One of the most celebrated Artesian Wells is that bored by the Messrs. Mulot at Grenelle, in Paris, which occupied 7 years, 1 month, 26 days, to the depth of 1794 English feet; or 1941 feet below the depth at which M. Elie de Beaumont, the geologist, foretold that water would be found. The sound or borer weighed 20,000 lbs. and was treble the height of the dome of the Hospital of the Invalides, at Paris. In May 1837, , when the bore had reached 1246 feet, 8 inches, the great chisel, and 262 feet of rods, fell to the bottom; and, although these weighed five tons, M. Mulot tapped a screw on the head of the rods, and thus, connecting another length to the end, after

fifteen months' labour, drew up the chisel! On another occasion, this chisel, having been raised with great force, sunk at one stroke 85 feet 3 inches into the chalk!

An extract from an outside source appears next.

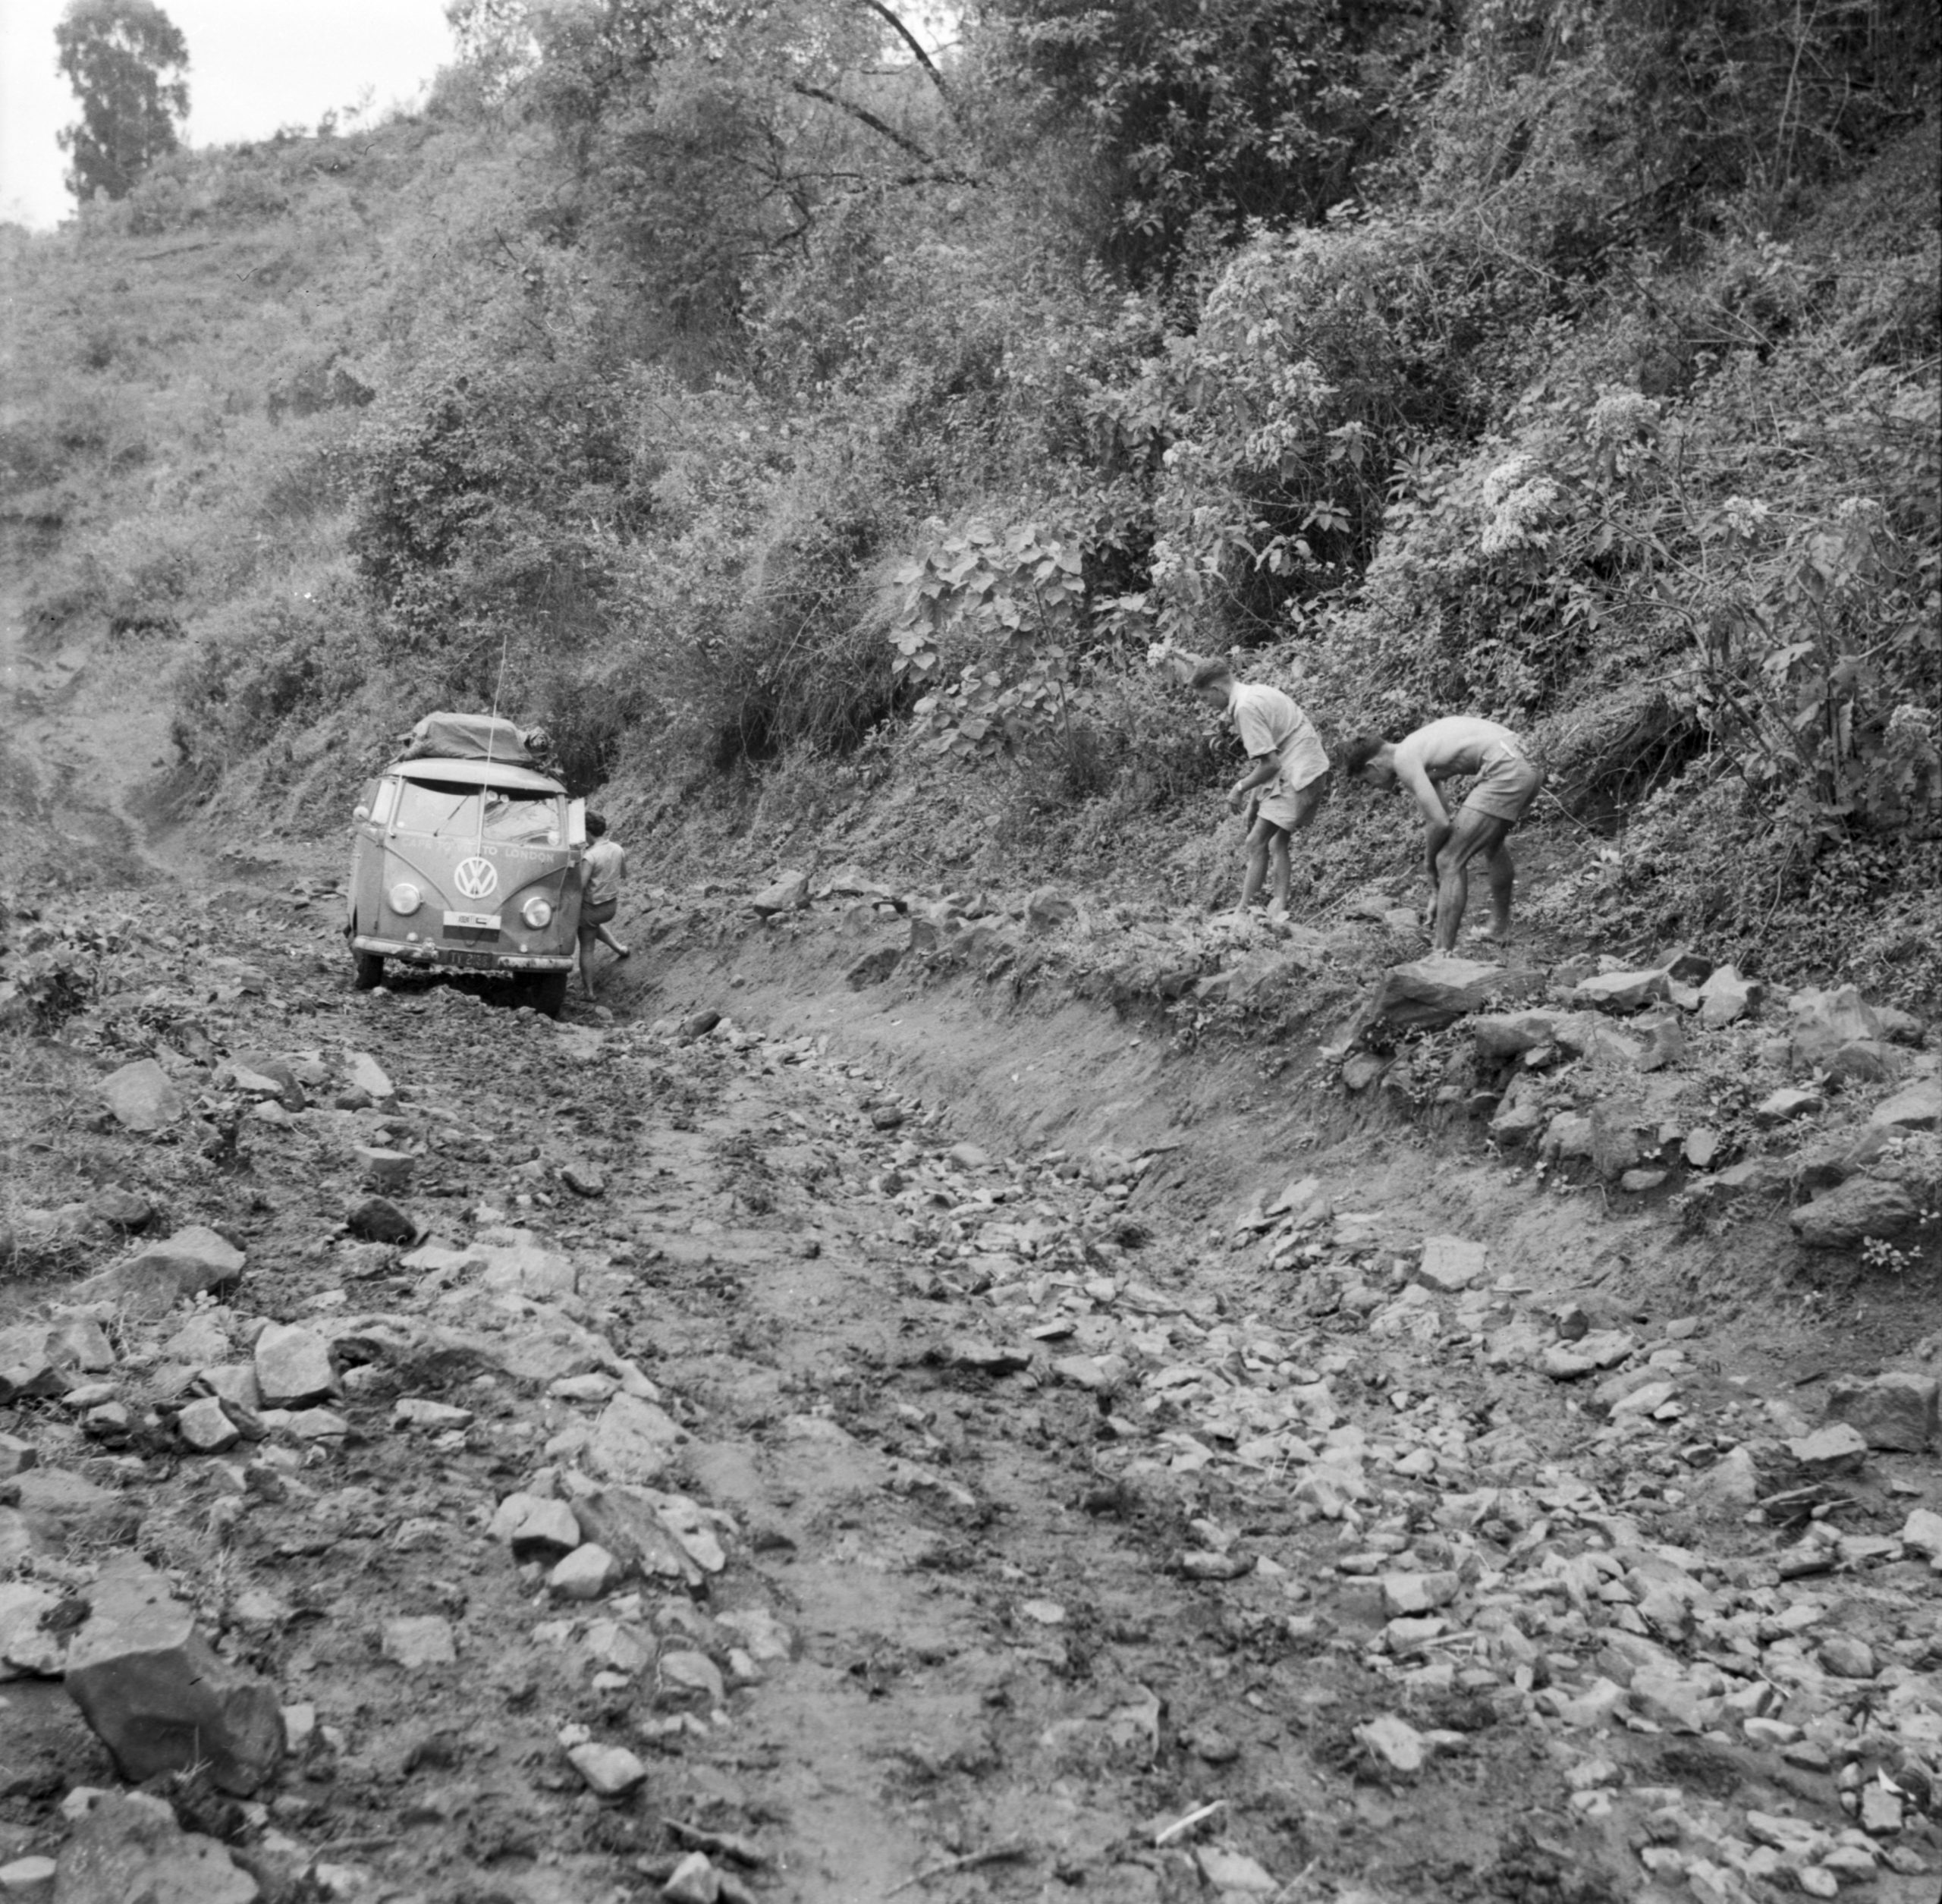 Home is a Journey - Feb 10 - rocky roads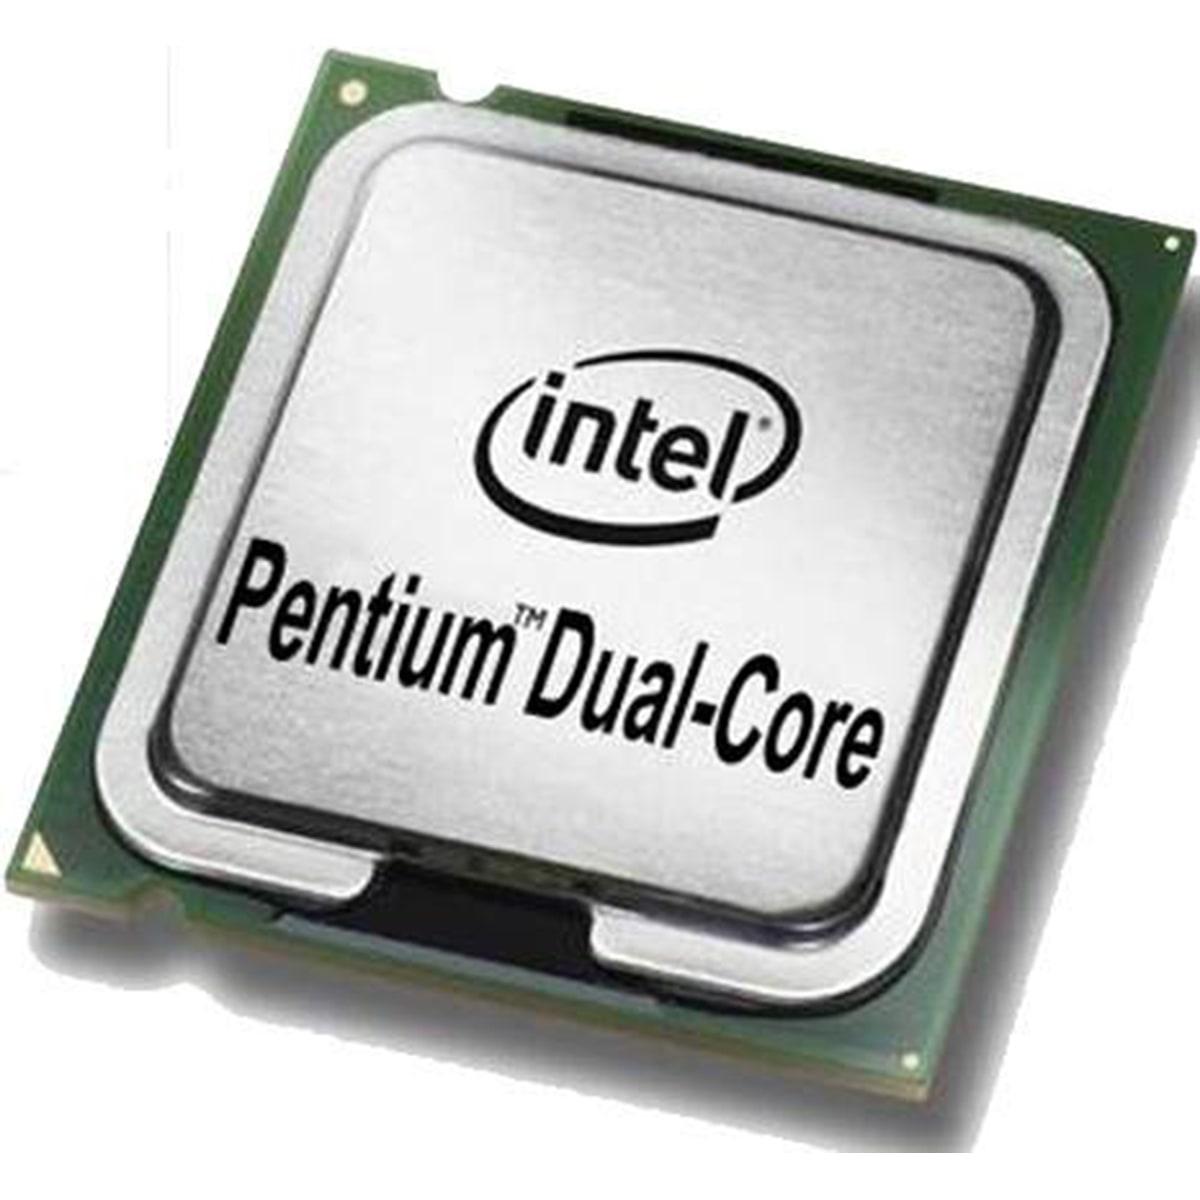 Processador Intel Dual Core E5800 3,20Ghz 2M Cache 800 MHz Socket 775 - Seminovo

It is generally supposed that a provincial well-digger introduced into England the process of boring for water by the Artesian method, and that Tottenham was the site of the first boring, about 1822. The priority of the invention is, however, due to Mr. Benjamin Vulliamy, who, upon his estate of Norlands, at the foot of Notting Hill, bored the first complete and overflowing well by means of a tube. Mr. Vulliamy, who was a man of scientific repute, and a skilful mechanician, finished his arduous work in November 1794. He began to sink his well in the usual manner; it had a diameter of 4 feet, the landsprings were stopped out, and the well was sunk and steined to the bottom. When the workmen had got to the depth of 236 feet, thinking the water to be not very far off, they did not consider it safe to sink any deeper. A double thickness of steining was then made about 6 feet from the bottom upwards, and a borer of 5 inches' diameter was used. A copper pipe of the same diameter as the borer was driven down the bore-hole 24 feet, at which depth the borer pierced through the rock into the water; and, by the manner of its going through, it probably broke into a stratum containing water and sand. At the time the borer thrust through, the top of the copper pipe was about three feet above the bottom of the well: a mixture of sand and water instantly rushed in through the aperture of the pipe; and in less than an hour and a half the water of the well stood within 17 feet of the surface; it rose the first 124 feet in 11 minutes, and the remaining 119 feet in 1 hour 9 minutes. The boring was then found filled with sand to the depth of 96 feet, the removal of which was a work of difficulty, as was also the rebuilding of a portion of the brickwork; but at length the water ran over the top of the well.

The depth of the Grenelle Well is nearly four times the height of Strasbourg Cathedral; more than six times the height of the Hospital of the Invalides at Paris; more than four times the height of St. Peter's at Rome; nearly four times and a half the height of St. Paul's, and nine times the height of the Monument, London. Lastly, suppose all the above edifices to be piled upon each other, from the base-line of the Well of Grenelle, and they would reach within 11 feet of its surface.